Setting goals takes time and energy though. Under the constant pressure to provide services or respond to external events, it can seem like a drag on your time. But let’s break this down for a minute, and think about how goals can be useful.

Here are two different sets of football “goals:”

These two “goals” don’t look anything alike because one is a “goal” for football (aka soccer) and the other is a “goalpost” for American football (kicking a field goal allows you to score three points… but wouldn’t you rather score seven points with a touchdown?).

The fields that these games are played on look similar but are quite different. And the point of each game is different: if you are on a soccer field playing football, you will never be able to tell if you’ve scored a first down, much less a touchdown. If you’re on a football field playing soccer… well, you will be quite disappointed unless you set up something that can serve as a goal.

Given all the urgent problems in the world and how starved many grassroots groups are for resources, it’s tempting to jump onto the playing field and not have clarity about what is progress towards your goal. From time to time, pause long enough to consider whether your communications efforts are heading in the right direction.

What makes for good communications goals?

Your communications goals are measurable. For your website, it can be visitors, pageviews of a particular section of the site (for example, your action pages) or it could be the number of people who take an online action, or RSVP to your events.

Your communications goals are connected to a program goal. It’s easy to get caught up in “how many Likes do I have on Facebook?” and stop there.
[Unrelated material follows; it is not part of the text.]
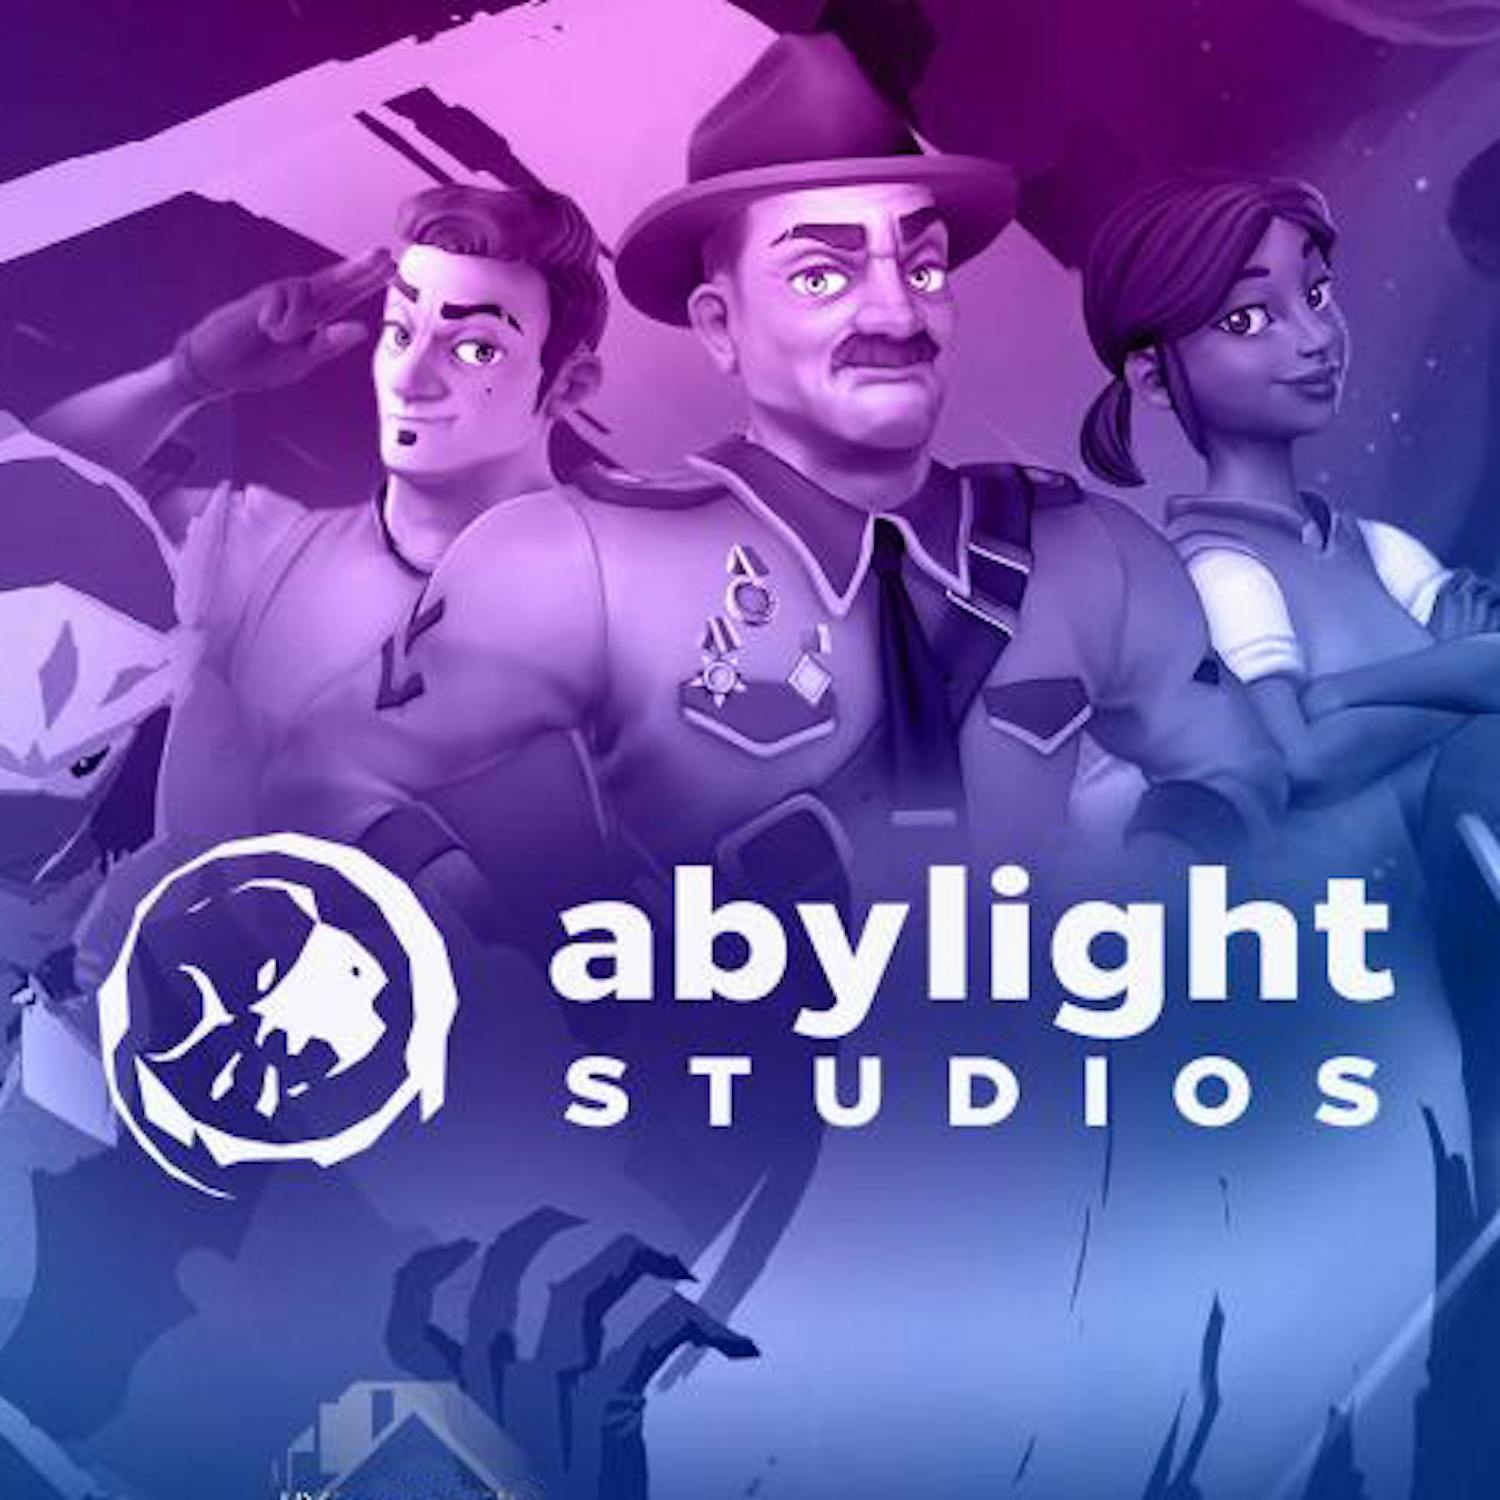 abylight studios

Facebook is a channel to reach people. Much like growing your mailing list, measuring Likes is a strategy to get you somewhere, but it’s not the end goal. Engagement with your Facebook audience is a more useful communications goal – especially if you can connect it to a programmatic goal like showing up at events or contacting a legislator.

Your communications goals should be achievable, but not easy. If your organization engaged with 5,000 people on your website last year, think about what it would take to double that this year. Even if you don’t reach your goal to double or triple it, it’s still valuable to set a stretch goal. It’s a different mindset than thinking about an incremental, easy-to-achieve goal that doesn’t push you to try new things or expand what you’re doing.

You have a schedule to check progress towards your goals. At least monthly take some time to look at your metrics. January is a great time to look back at the previous year to see what patterns you can notice in your metrics — did you see the increases in engagement when you needed them? What worked and what didn’t?

To return to my sports analogy: without goal posts to aim for, you’re just running around a field with a ball. Sometimes that its own reward, but if you’re in this for a win, make sure that all that running around is getting you closer to it.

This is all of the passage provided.